Show that the sequence $\langle f_n\rangle$ where
$$f_n = 1-\frac{1}{2}+\frac{1}{3}-\frac{1}{4}+\cdots + \frac{(-1)^{n-1}}{n}$$
is a cauchy sequence.
My Approach: I tried solving it by starting it with $|f_n -f_m|$ but could not show this value less than any value (in terms of $m$).
On
\begin{align} & \left| \left( 1 - \frac 1 2 + \frac 1 3 - \cdots - \frac 1 {20} \right) - \left( 1 - \frac 1 2 + \frac 1 3 - \cdots + \frac 1 {15} \right) \right| \\[10pt] = {} & \left|\frac 1 {15} - \frac 1 {16} + \frac 1 {17} - \frac 1 {18} + \frac 1 {19} - \frac 1 {20} \right| \le \frac 1 {15} \end{align} $$ \text{and more generally } \left| f_m - f_n \right| \le \frac 1 m \quad \text{ if } \quad m < n. $$ Start with $1/15,$ then subtract less than $1/15$ from it, then add less than what you subtracted, then subtract less than what you just added, and so on, and you see why the bottom line must be less than $1/15,$ and you see why this must hold more generally. And that implies you have a Cauchy sequence.
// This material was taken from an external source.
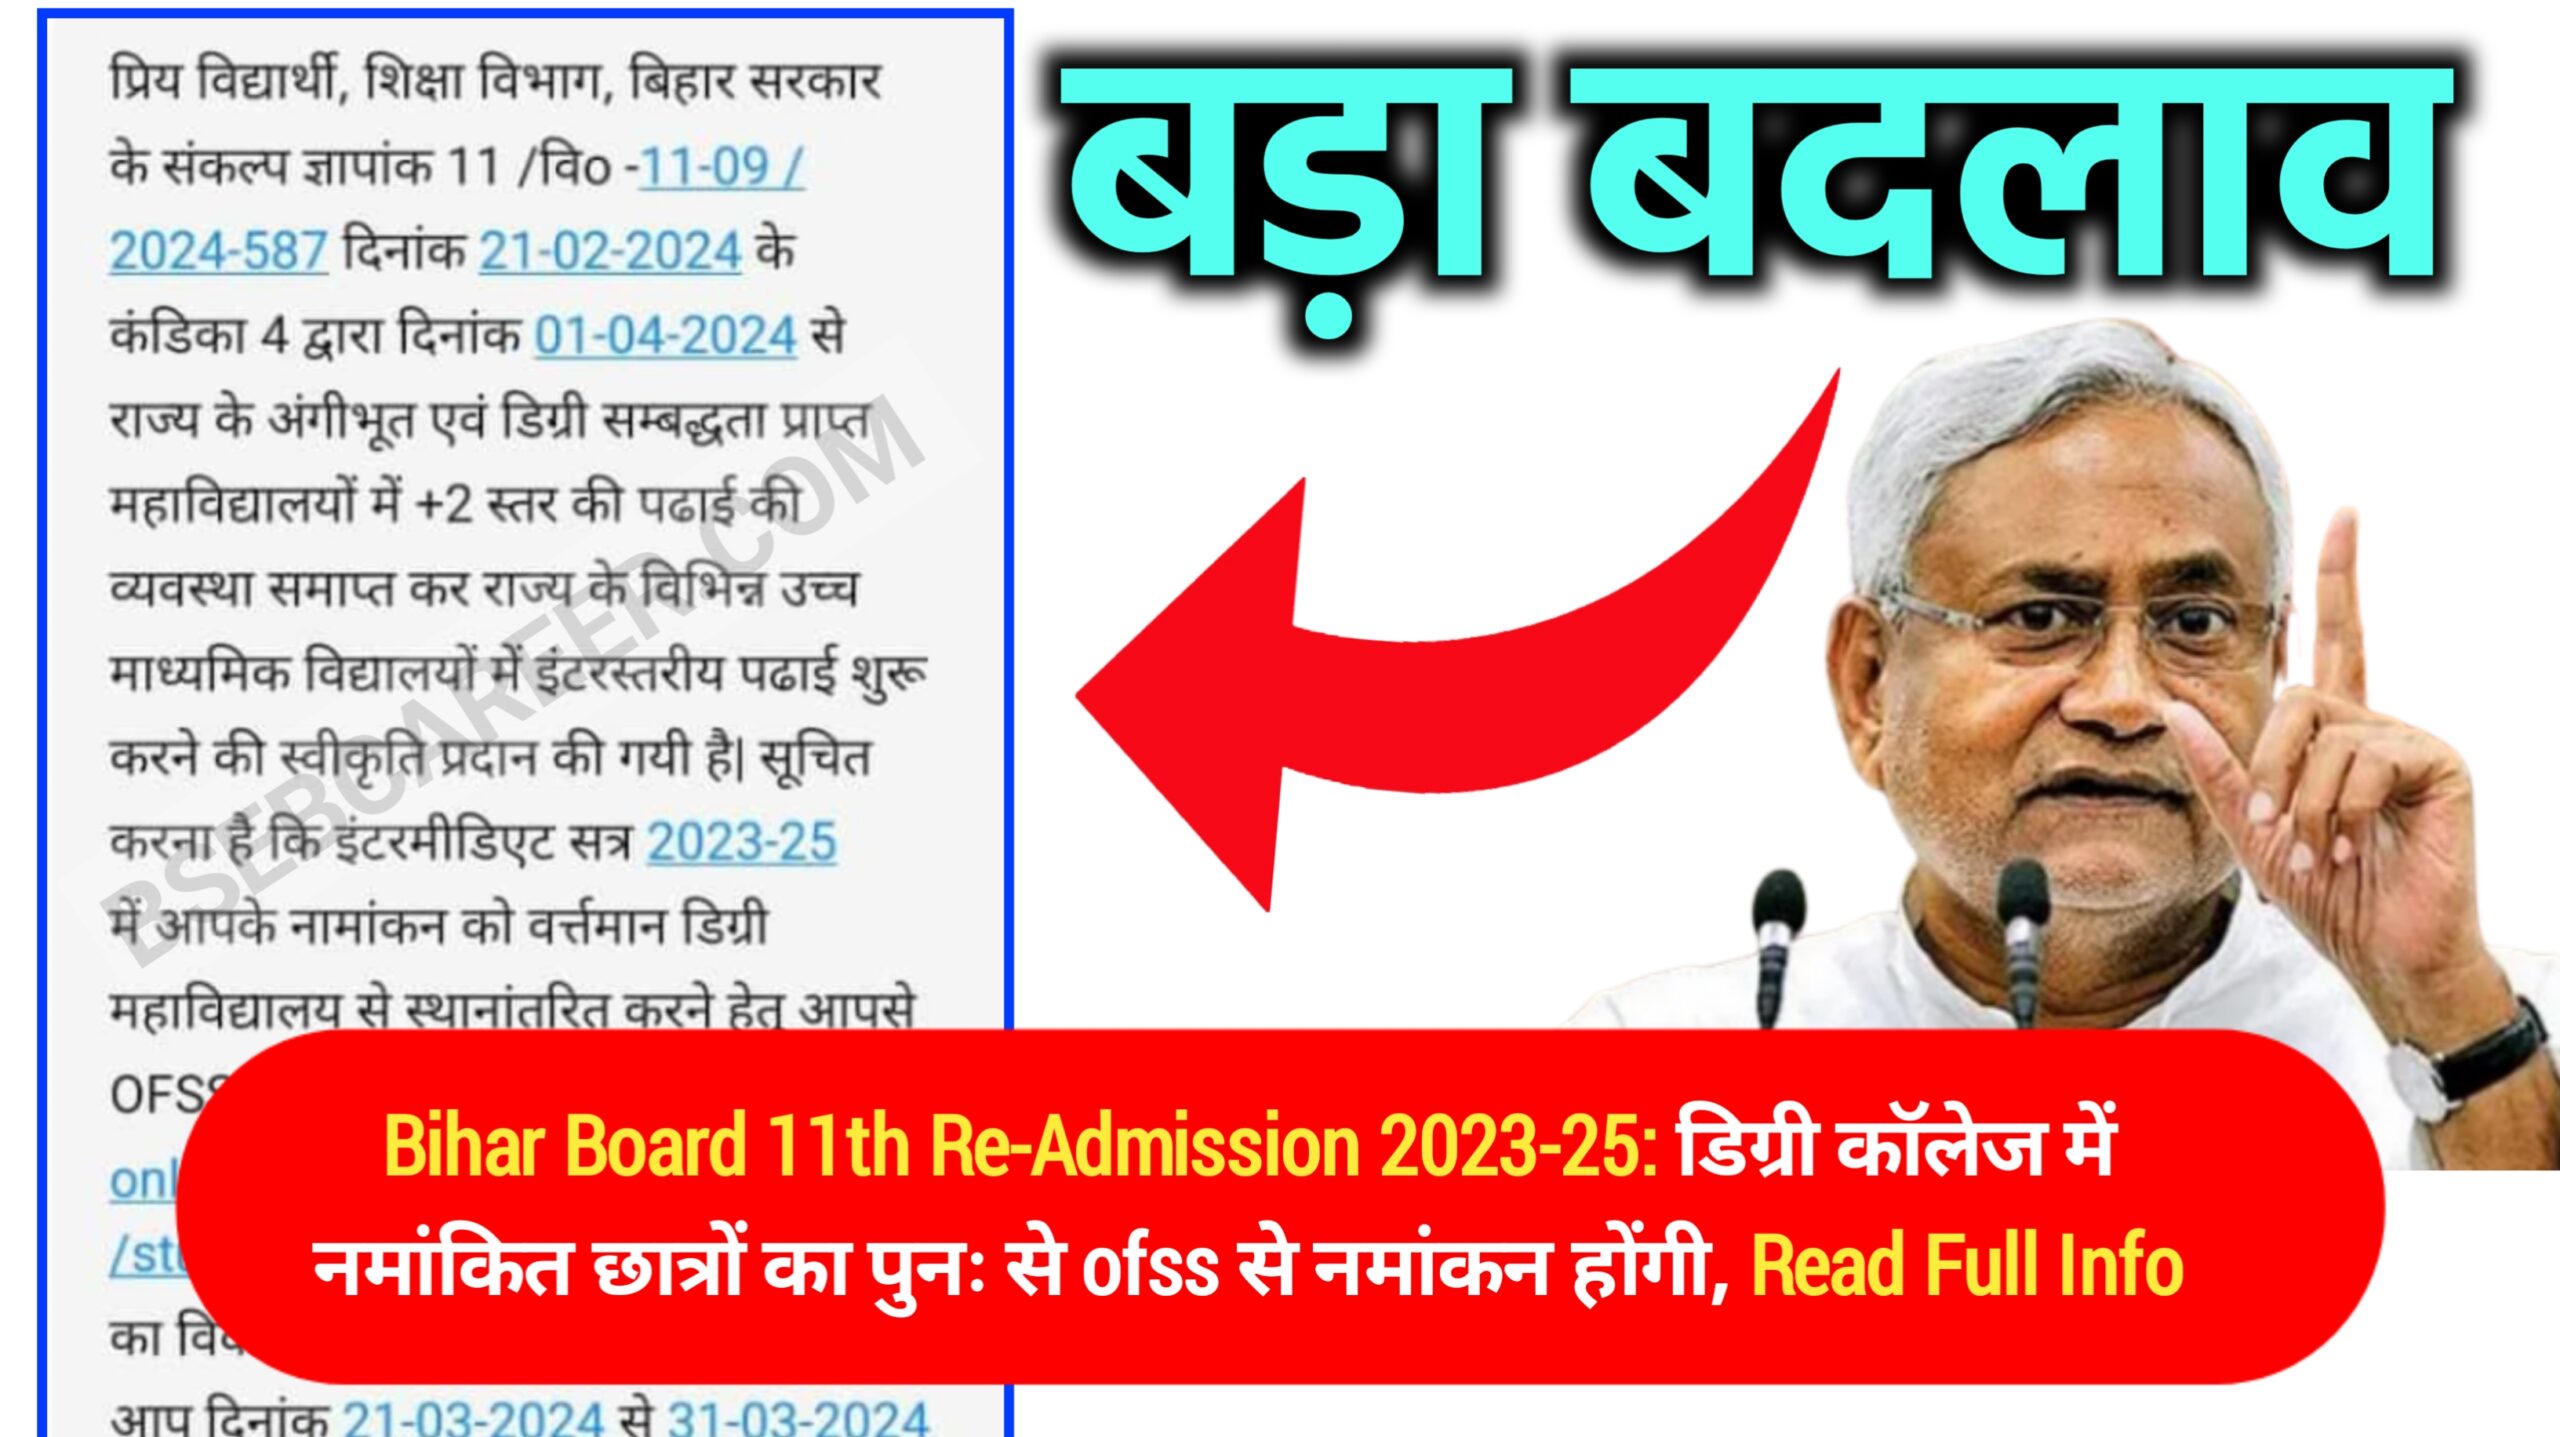 Bihar Board 11th Re-Admission 2023-25

You have \begin{align} |f_n-f_m|&=\frac1n-\frac1{n+1}+\frac1{n+2}-\frac1{n+3}+\frac1{n+4}-\cdots \\ \ \\ &=\frac1n-\left(\frac1{n+1}-\frac1{n+2}\right)-\left(\frac1{n+3}-\frac1{n+4}\right)-\cdots\\ \ \\ &=\frac1n-\frac1{(n+1)(n+2)}-\frac1{(n+3)(n+4)}-\cdots\\ \ \\ &=\frac1n-\sum_{j=n}^{m-n-1}\frac1{(n+j)(n+j+1)} \end{align} The series satisfies $$ \sum_{j=1}^{m-n-1}\frac1{(n+j)(n+j+1)}\leq\sum_{j=n}^{m-1}\frac1{n^2}.$$ So, for $n,m$ big enough, we can make $|f_n-f_m|$ arbitrarily small.
Note: this is an ad-hoc argument. But, in general, if you have an alternating series $\sum_n(-1)^na_n$ with $a_n$ positive and decreasing to zero, we have $$ \sum_{k=n}^\infty (-1)^ka_k\leq a_n. $$